Berlin - Kostenfalle getappt: Nicht einfach klein beigeben

Kostenfalle getappt: Nicht einfach klein beigeben

Von: Florian Oertel, dpa
Letzte Aktualisierung:
Online in Kostenfalle getappt
Zweimal 96 Euro bezahlen für Gratis-Software - dassollten Internetnutzer nicht einfach hinnehmen. Foto: dpa

Berlin. Wer online in eine Kostenfalle getappt ist, sollte nicht einfach zähneknirschend bezahlen. Selbst wenn ein Nutzer meint, der Anbieter sei im Recht, weil dieser - wie in solchen Fällen üblich - irgendwo auf seiner Webseite auf die Kosten hingewiesen hat, gibt man besser nicht klein bei.

Das riet Martin Madej vom Verbraucherzentrale Bundesverband (vzbv) in Berlin am Montag in einem Gespräch mit dem dpa-Themendienst. Immer wieder landen Internetnutzer etwa auf der Suche nach Gratis-Software bei windigen Anbietern und werden entweder einmalig zur Kasse gebeten oder handeln sich ungewollt kostenpflichtige Abonnements ein.

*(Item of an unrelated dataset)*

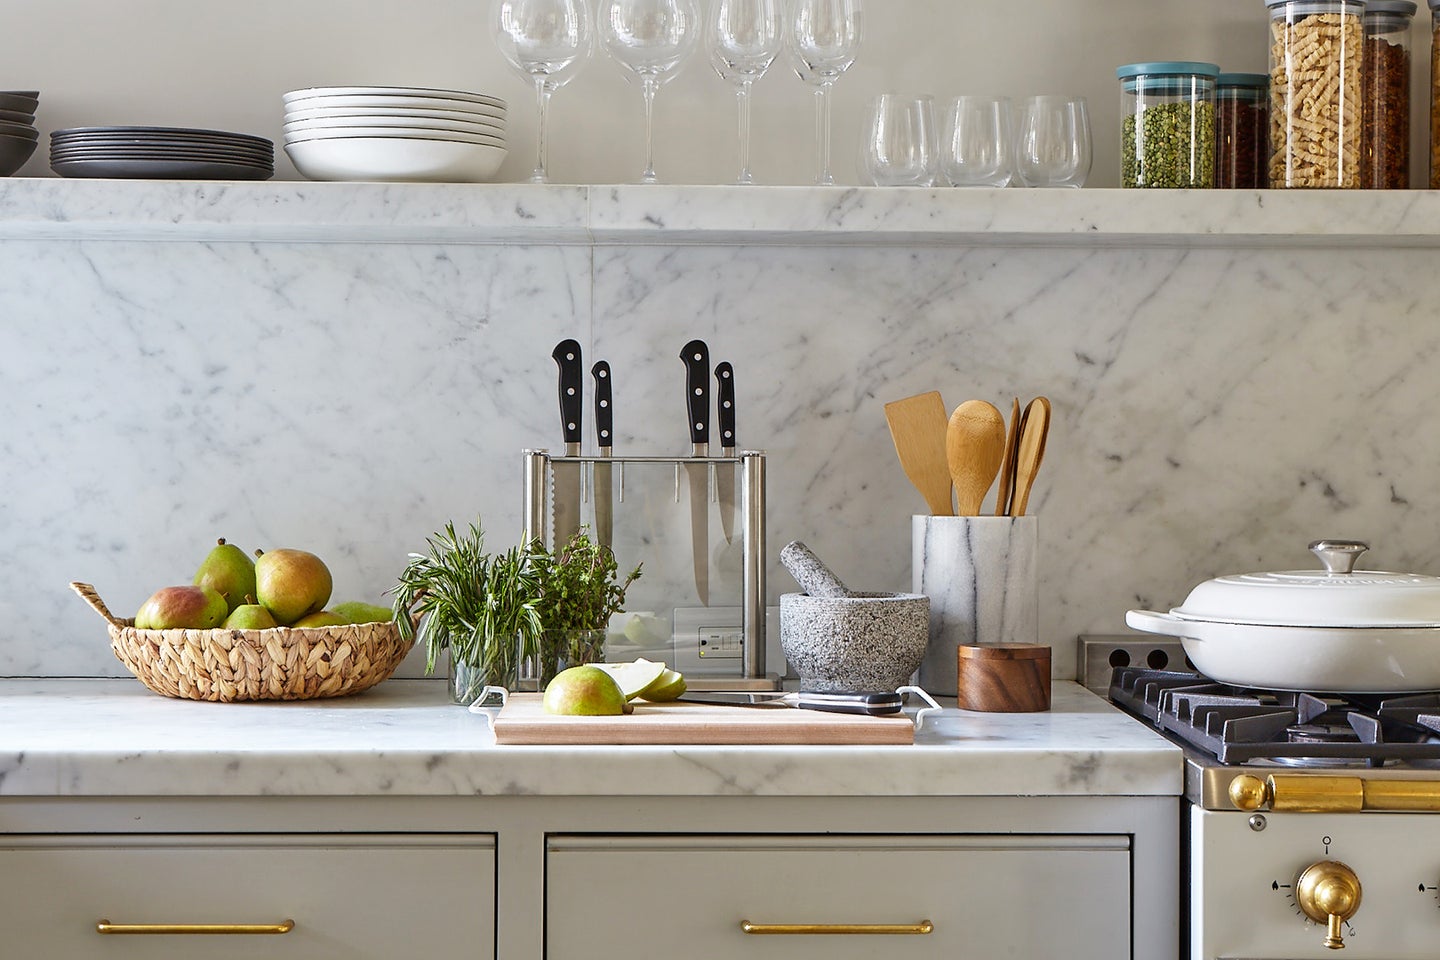 Take a Stab at Any One of Our Favorite Kitchen Knife Storage Ideas

„Wir raten, einmal schriftlich per Einschreiben mit Rückschein zu widersprechen und die Sache dann auf sich beruhen zu lassen”, sagt der Jurist. Mehrere Verbraucherzentralen bieten Musterschreiben an. Allerdings brauche man in dieser Situation unter Umständen „ein dickes Fell” - weil mit einiger Wahrscheinlichkeit weitere Schreiben folgen werden.

Dahinter stecken in aller Regel auf Abmahnungen spezialisierte Anwaltskanzleien, die gern heftige Geschütze auffahren: „Da werden Drohkulissen aufgebaut - die Rede ist von Straftatbeständen wie Computerbetrug”, sagt Madej. „Oder es kommen Sprüche wie: "Auch von Arbeitslosen kann Geld gepfändet werden".”

Davon sollten sich Betroffene aber auf keinen Fall verrückt machen lassen, beruhigt der Experte vom vzbv: „Wenn man auf einer Webseite den Kostenhinweis nicht wahrnimmt - und das ist in sehr vielen dieser Fälle ja so - kommt es auch nicht zum Vertragsabschluss.” Der windige Anbieter könne dann nicht einfach das Gegenteil behaupten: Er müsse es beweisen.

Reagieren muss man erst, wenn ein gerichtlicher Mahnbescheid im Briefkasten liegt. Denn bevor der Richter diesen losschickt, überprüft er nicht, ob die Ansprüche gerechtfertigt sind, erklärt Madej. Der Empfänger sollte auf jeden Fall widersprechen. Nicht darauf zu reagieren bedeutet, einzuwilligen. „Aber so ein Mahnbescheid kostet den Anbieter Geld.” Deshalb sei es eher unwahrscheinlich, dass man ihn überhaupt zugeschickt bekommt.